Melvil Dewey

Melville Dewey was born on December 10, 1851 to Joel and Eliza Dewey in Adams Center, New York.

While a student at Amherst College, Melville started the Library Bureau in 1876. The company sold library supplies.

The same year, he received a copyright for his system of library organization that would come to be known as the Dewey Decimal System.

Melville was frustrated to find that the Amherst Library catalogued books by acquisition date. Some libraries categorized by size or alphabetically by author.

Taking inspiration from at least two other systems in use in other areas, Melville decided to assign a list of categories each a 3 digit number.

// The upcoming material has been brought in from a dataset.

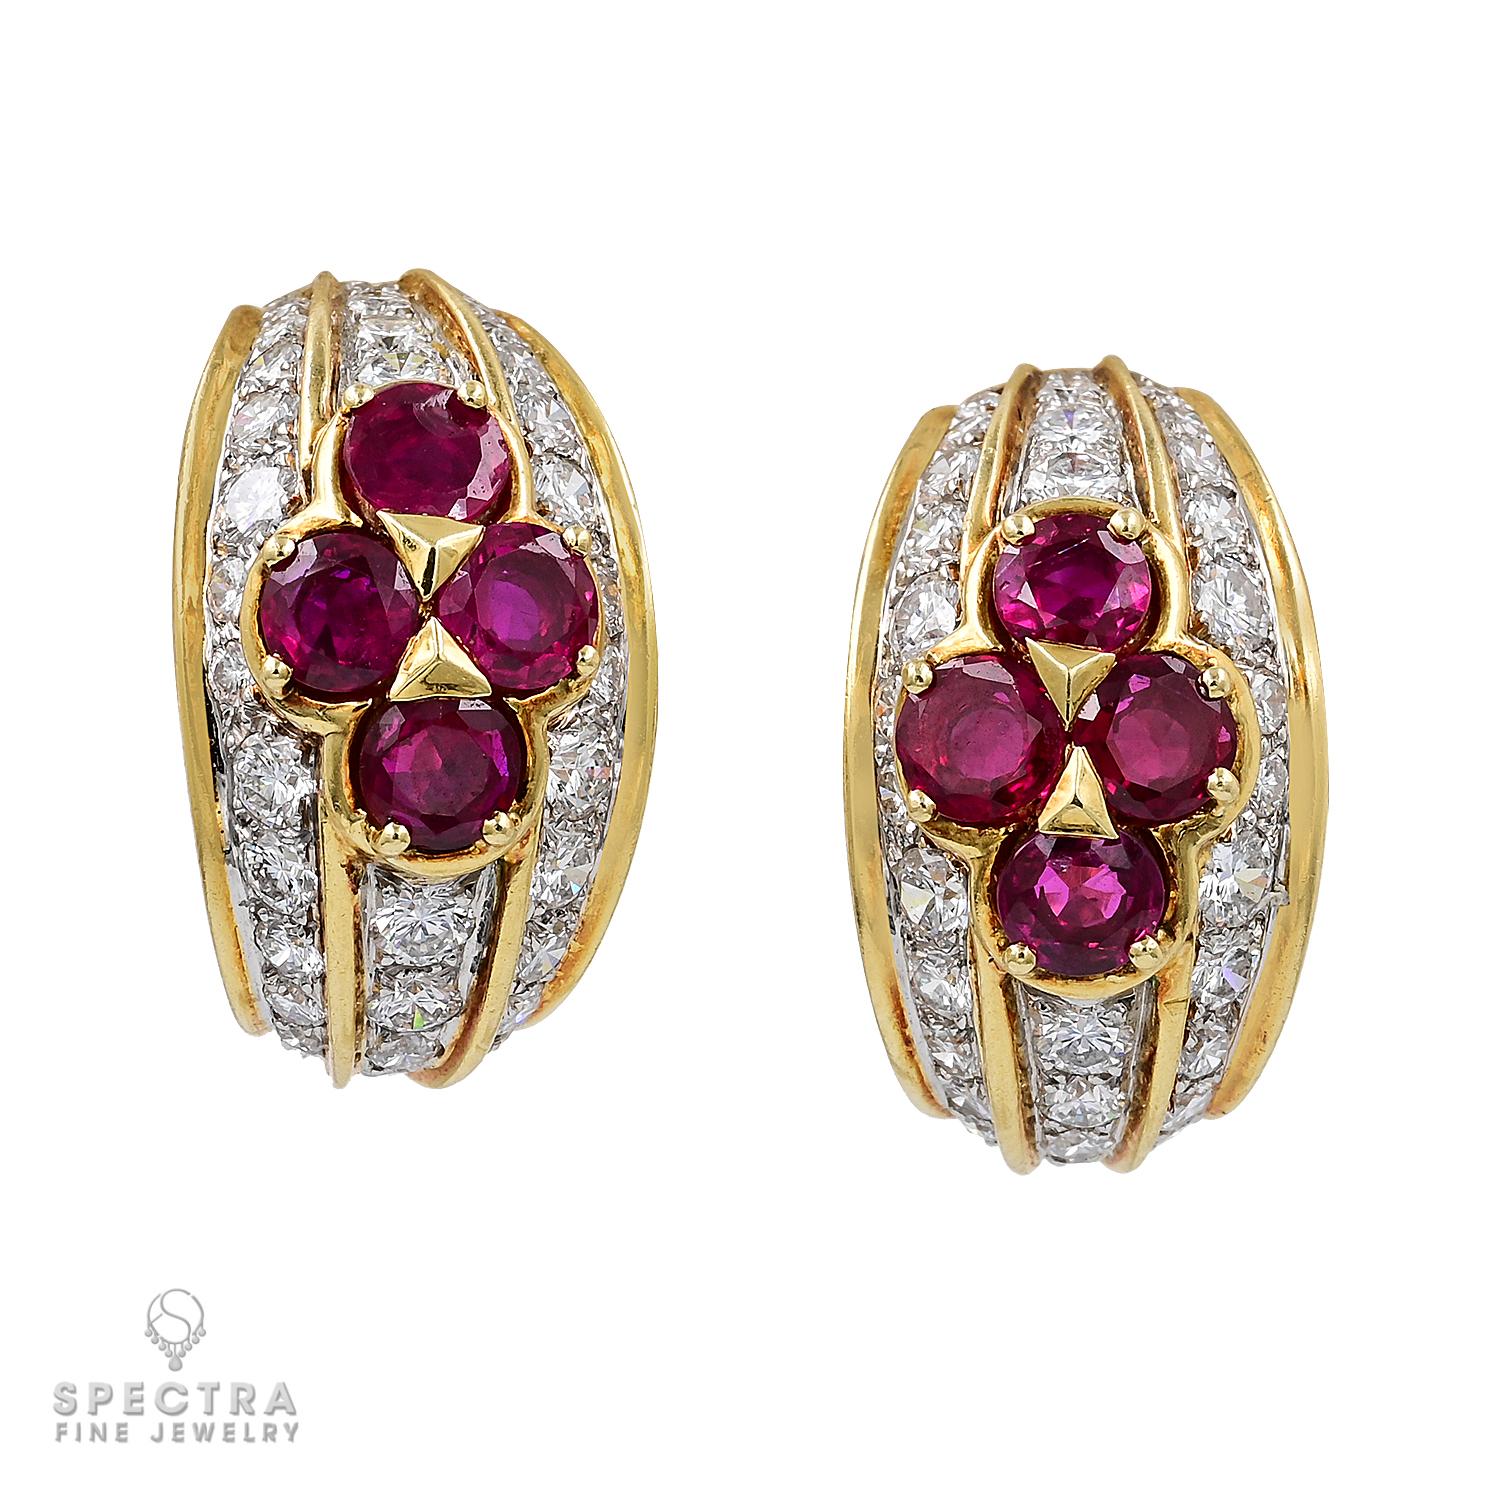 Les rubis d'un bijou Van Cleef & Arpels sont d'une grande beauté, riches en couleurs et d'un éclat subtil. Depuis sa création place Vendôme à Paris en 1906, la Maison s'est distinguée par la créativité de ses créations et la qualité suprême de tous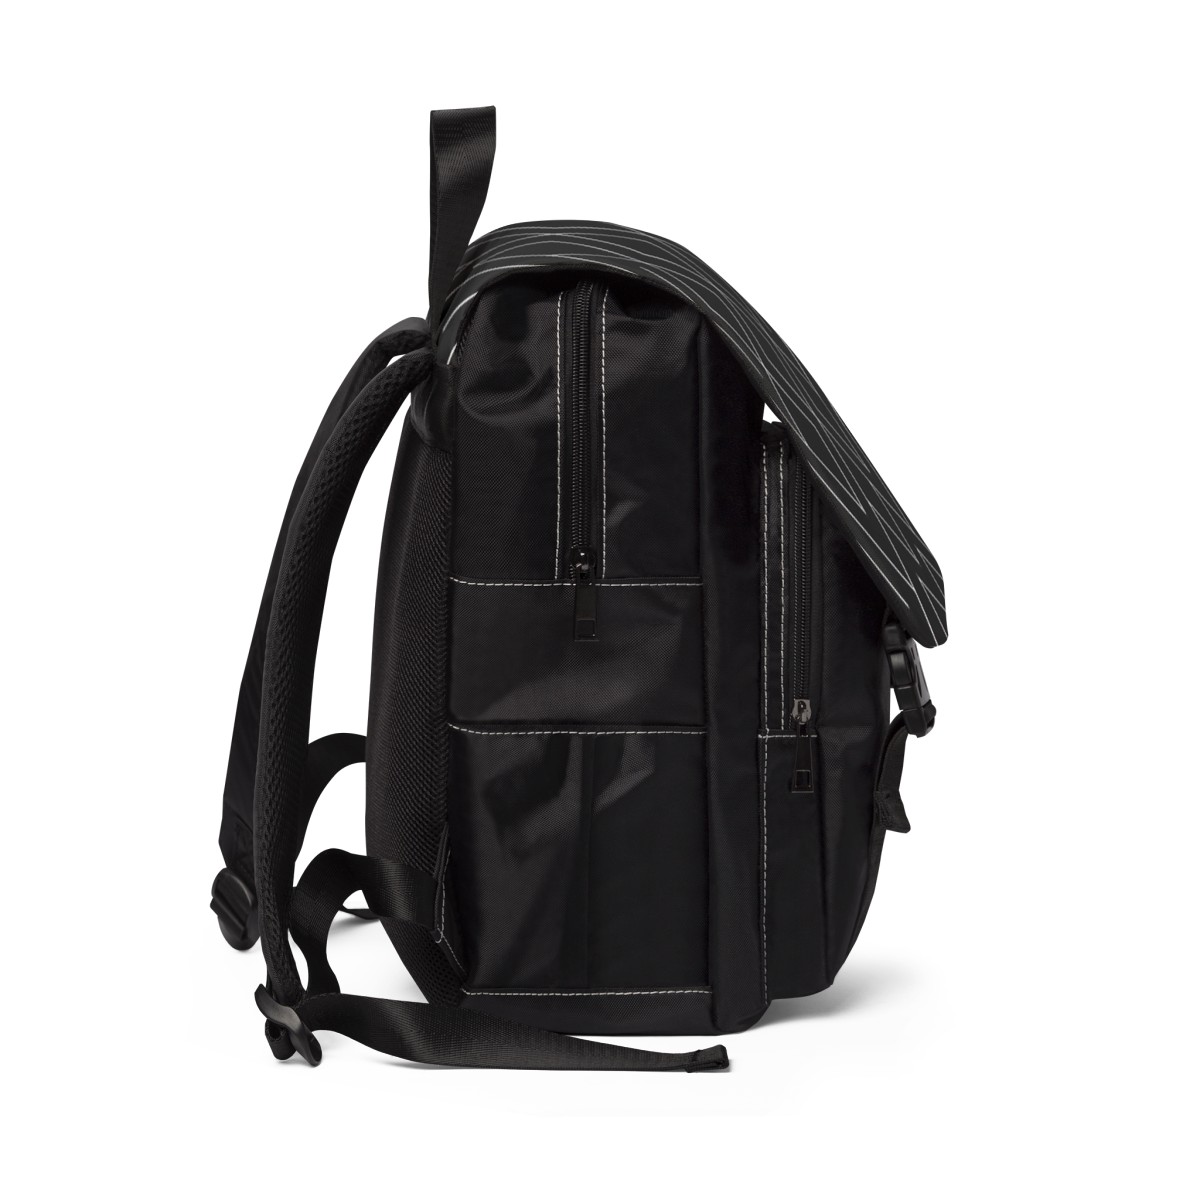 Unisex Backpack Black product thumbnail image

For example 500-599 is Science.

Within each category is a subcategory. For example, 510-519 is Mathematics.

Additional subcategories could be created by adding decimals to these numbers. These could include geographical, linguistic or alphabetical categorization.

Melville founded the American Library Association and The Library Journal.

Melville found English spelling to be redundant. He advocated for spelling reform and changed his name to Melvil Dui. He eventually went back to spelling his last name Dewey, but would use the simplified spelling of his first name for the rest of his life. He was also a strong proponent of the metric system in the United States.

In 1883, he became the chief librarian at Colombia University in New York City, New York. 5 years later, he took over as director of the New York State Library.

In 1884, he developed the School of Library Economy, the first librarian school. He insisted that women be allowed to take courses. The school was against it, but relented. The first class of 20 students included 17 women.

Along with his wife, Annie, he created the Lake Placid Club in Lake Placid, New York. The 1932 and 1980 Winter Olympics were held at Lake Placid.

In 1926, he moved to Florida and was successful in getting the name of his new town changed to Lake Placid, Florida.

Melvil was added to the American Library Association’s Hall of Fame in 1951.

His life was not without controversy. In 1905, he was accused by 4 female librarians of sexual harassment. He left the American Library Association after this.

Women would continue to come forward with similar complaints against Melvil. He was sued by his secretary who won $2000 in 1930 (over $30,000 today).

It was also discovered that Melvil wrote the policies for membership at the Lake Placid Club that included the exclusion of Jews and African Americans. He quit his job as State Librarian after this information came to light.

Melvil died on December 26, 1931 at the age of 80. His cause of death was a stroke.

In June 2019, the American Library Association voted to change the name of their prestigious Melvil Dewey Medal due to his history of racism and sexual harassment.